2. Test graphics acceleration/local display path
On an affected machine:
- Update or temporarily roll back the GPU driver.
- Test with only one monitor attached.
- Test with display scaling at
100%.
- If available in your Excel build, disable hardware graphics acceleration.
- Alternatively test this registry setting:
Code:
HKEY_CURRENT_USER\Software\Microsoft\Office\16.0\Common\Graphics
DWORD: DisableHardwareAcceleration = 1
- Restart Excel and test again.
Undo:
Code:
HKEY_CURRENT_USER\Software\Microsoft\Office\16.0\Common\Graphics
DWORD: DisableHardwareAcceleration = 0
Or delete the value.
Create a restore point first if you are pushing registry changes broadly.
3. Capture a hang dump while Excel is frozen
This will probably give you the fastest answer.

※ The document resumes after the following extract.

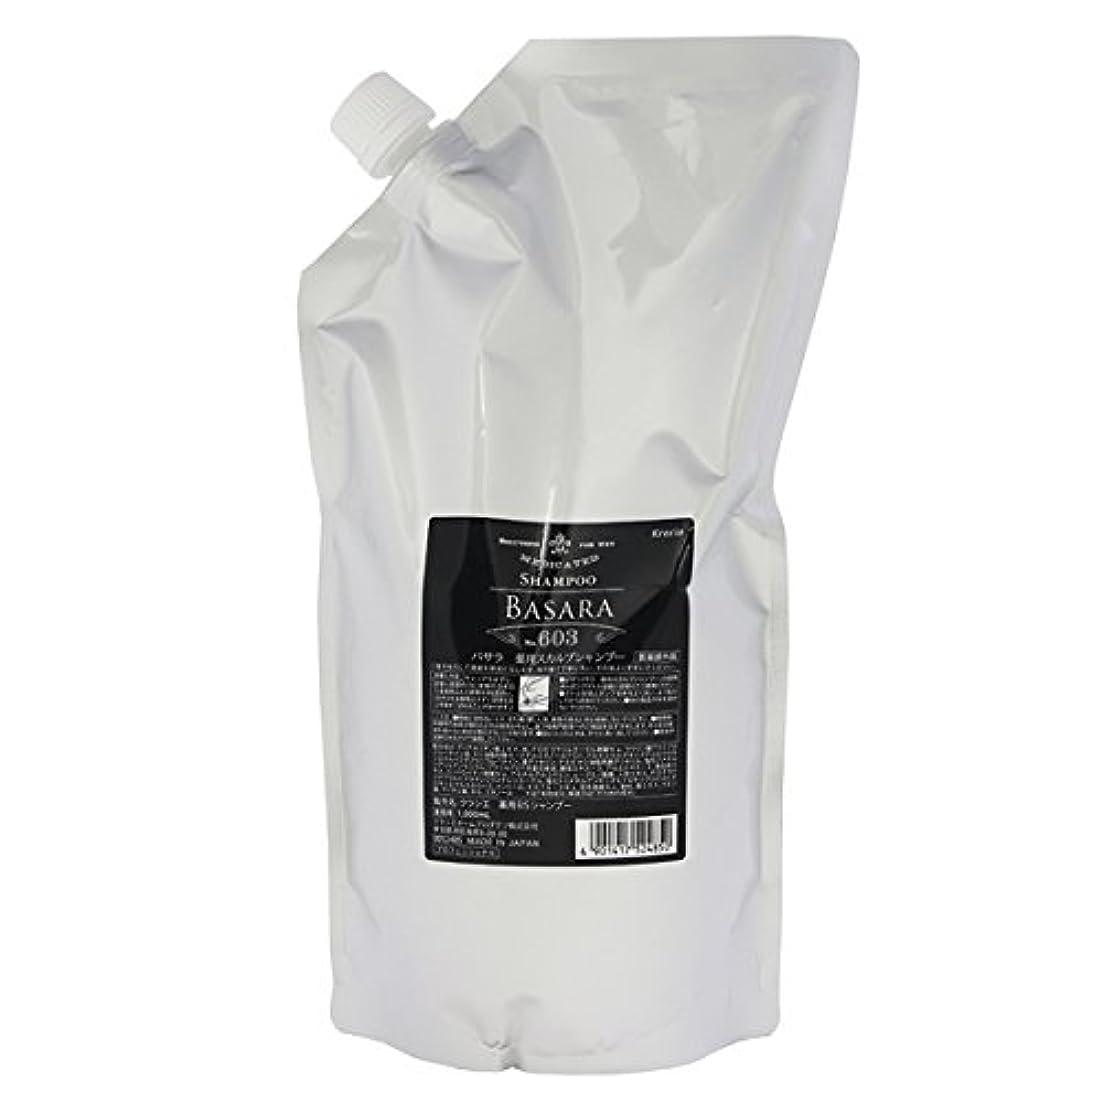 適度に上がる吸収剤クラシエ バサラ 薬用スカルプ シャンプー 603 1000ml レフィル
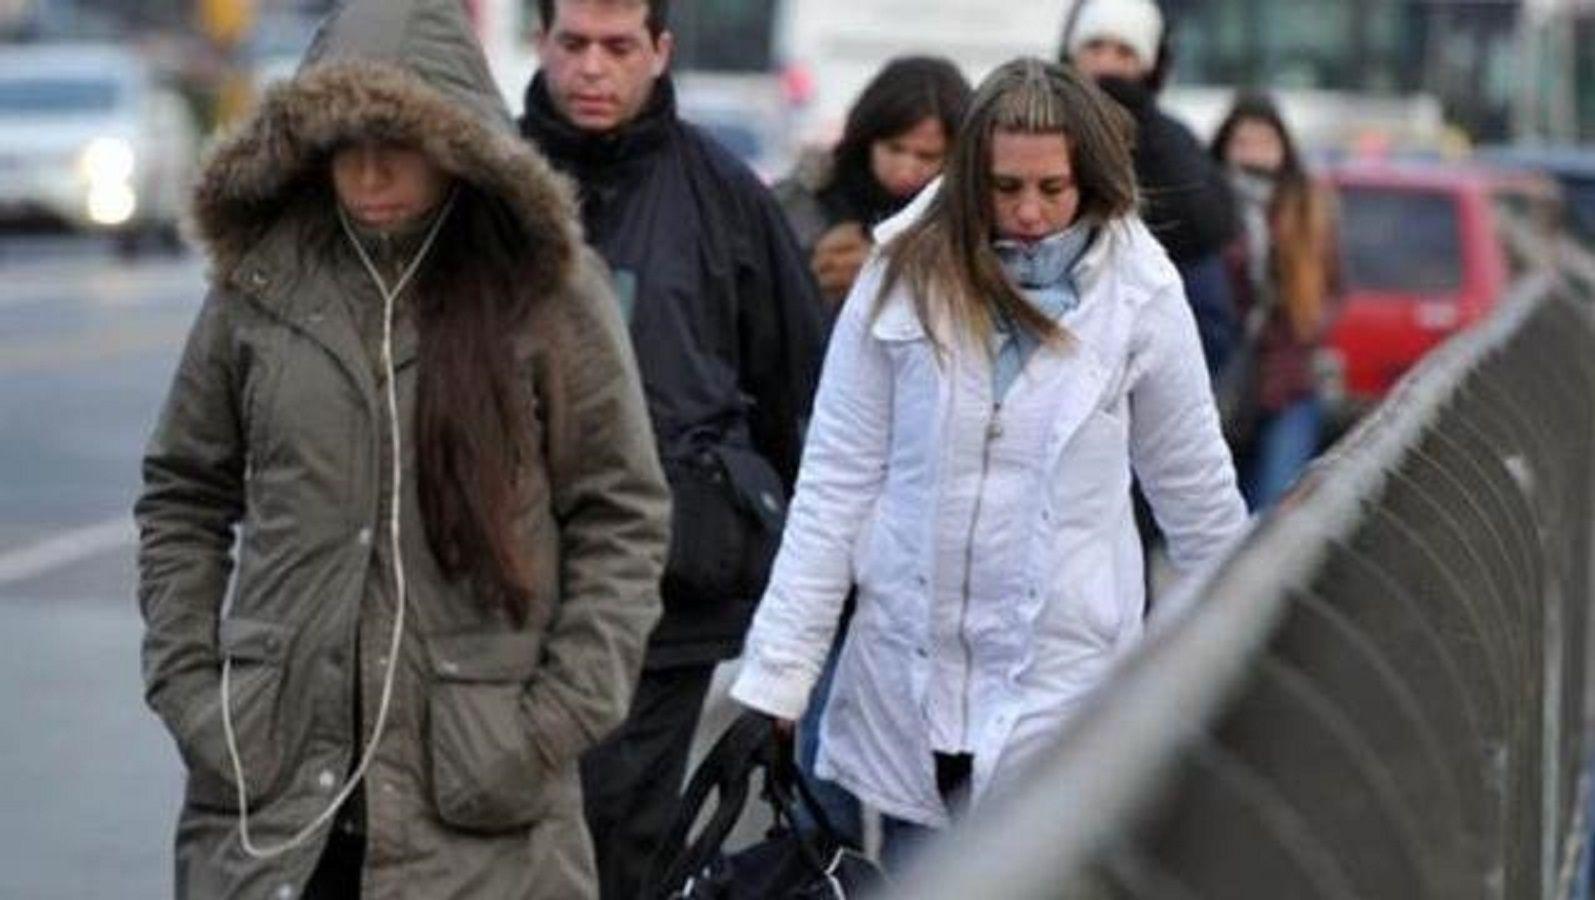 Cada vez más cerca de los 0 grados: la ola de frío sigue azotando a la Ciudad

- Reproduce the freeze locally.
- Open Task Manager.
- Go to Details.
- Right-click
EXCEL.EXE.
- Select Create dump file.
Or use Sysinternals ProcDump:
procdump -ma -h excel.exe C:\Dumps\excel-hang.dmp
Then inspect the dump in WinDbg and look for threads waiting inside:
Code:
EXCEL.EXE
the blocker DLL/process
OLE32
USER32
UIAutomationCore
graphics/display driver modules
clipboard/drag-drop handlers
If you see Excel waiting on the blocker, or the blocker waiting on Excel via
SendMessage, COM, UI Automation, or clipboard/OLE calls, you’ve found the conflict.
4. Compare local vs RDP processes/modules
On the same machine, same user, same workbook:
- Run the test locally and over RDP.
- Use Process Explorer.
- Compare loaded DLLs inside
EXCEL.EXE.
- Check whether the blocker injects a DLL into Excel locally but not over RDP.
- Check whether endpoint security/DLP modules are loaded only in the local-console case.
This is especially important if the blocker is implemented as an injected DLL or global hook.
5. Ask the blocker vendor/dev team these specific questions
If this is an internal or third-party blocker, I’d ask:
- Does it use low-level keyboard/mouse hooks?
- Does it inject into Office processes?
- Does it call
SendMessage/COM/UI Automation from inside a hook callback?
- Does it treat
LLKHF_INJECTED or RDP input differently?
- Does it block Excel drag/drop by intercepting OLE/clipboard messages?
- Is there a known Office/Excel exception mode?
- Is there a supported policy-based way to block this instead of live-hook interception?
Important: Hook callbacks should return quickly. A blocker that performs synchronous checks against Excel from inside the input path can easily hang Office.
My best guess
The strongest suspicion is a
deadlock between Excel and the blocker’s local-console input/drag-drop hook. RDP avoids it because the input, drag/drop, graphics, and clipboard path are different.
The most useful next artifact would be a
hang dump of EXCEL.EXE while frozen, plus knowing whether the blocker injects a DLL into Excel. That should tell you whether this is Excel waiting on the blocker, the blocker waiting on Excel, or a display/driver path issue.